22nd Annual HSATM Conference

Competitive Advantage in the Era of Big Data

Big Data has come to be the shorthand term for a rapidly advancing trend in the combination of computer science and statistics / econometrics, allowing the discovery of new insights from analysis of massive amounts of data. This phenomenon is opening the door to a new approach to understanding the world and making decisions.

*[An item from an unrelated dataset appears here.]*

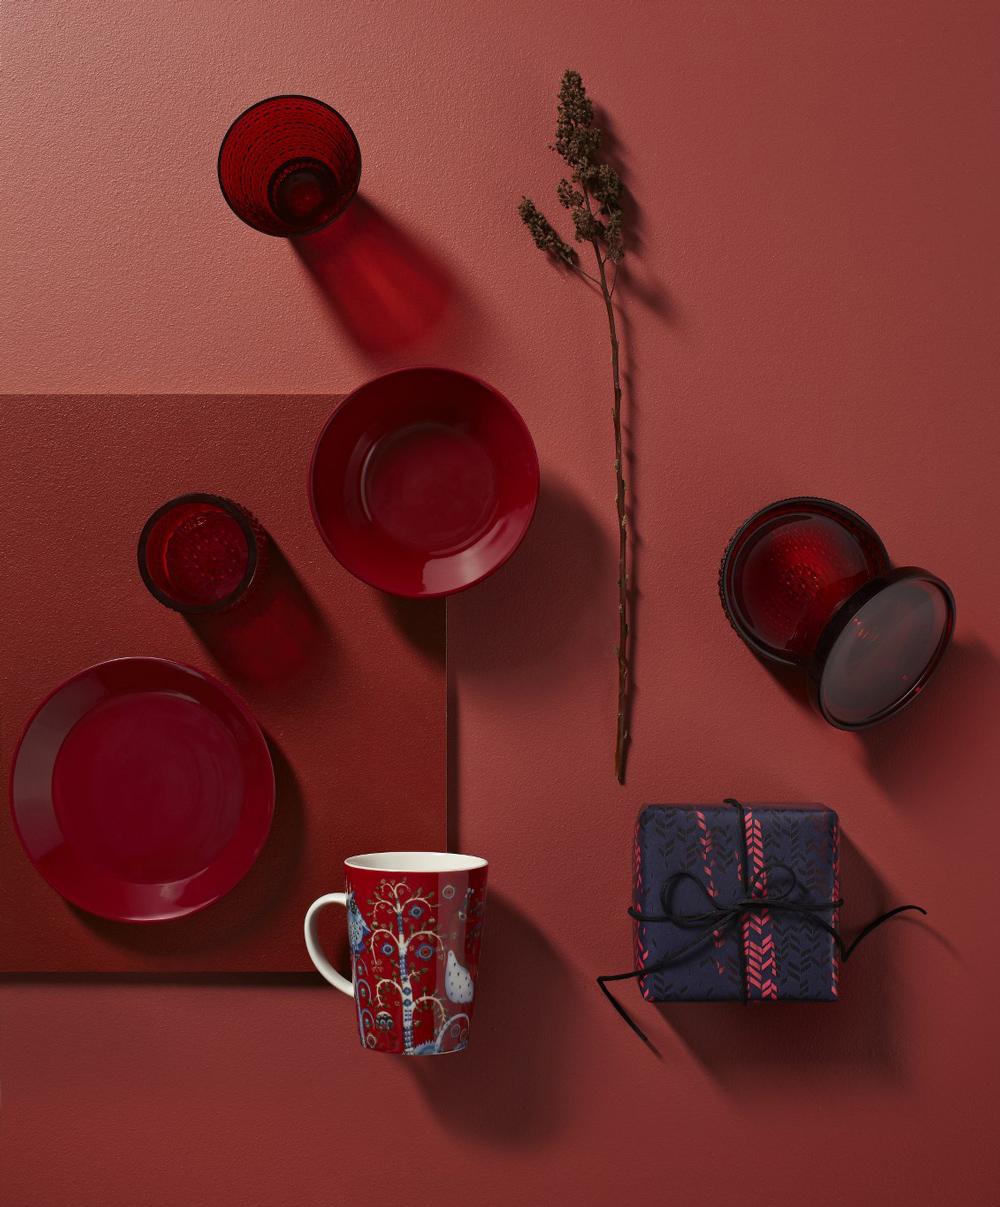 Iittala-Xmas--2016-gifting-red-3_JPG

  • Wednesday, June 19, 2013
  • 8:45 AM - 4:45 PM
  • Continental Breakfast, 8:00-8:45 AM

Stevens, Babbio Center, 525 River St., Hoboken, NJ 07030
Corner of 6th & River Streets

The quest to draw useful insights from business measurements is nothing new. In a recent New York Times article, Big Data is described as a descendant of Frederick Winslow Taylor’s (Stevens class of 1883) “scientific management,” which used time-and-motion studies to redesign work for maximum efficiency. Today, vastly larger datasets are being used in applications ranging from targeted and viral marketing, to automatic language translation, to city planning and medical data analysis. Data is now characterized as the basis of competition in the 'smarter' era, and Big Data as “the next natural resource.”

The 2013 HSATM conference will examine how this revolution may well transform how organizations are managed, how they innovate, and how they achieve competitive advantage, as well as the potential societal impacts. It will also explore possible pitfalls in the application of Big Data and how to avoid them.

The Conference will appeal to people working in R&D, marketing, business development, operations, project management, technology, HR — in short, to everyone concerned with innovation, competitive advantage, and the practical application of knowledge.

Presentation Abstracts & Speaker's Bios


A panel discussion will follow the presentations, featuring the four presenters joined by two other authoritative speakers, Joe McKendrick and Mahesh Harvu. The latter will begin the panel discussion by offering brief “devil’s advocate” views that raise potential pitfalls in the application of Big Data, which will be addressed by the panel.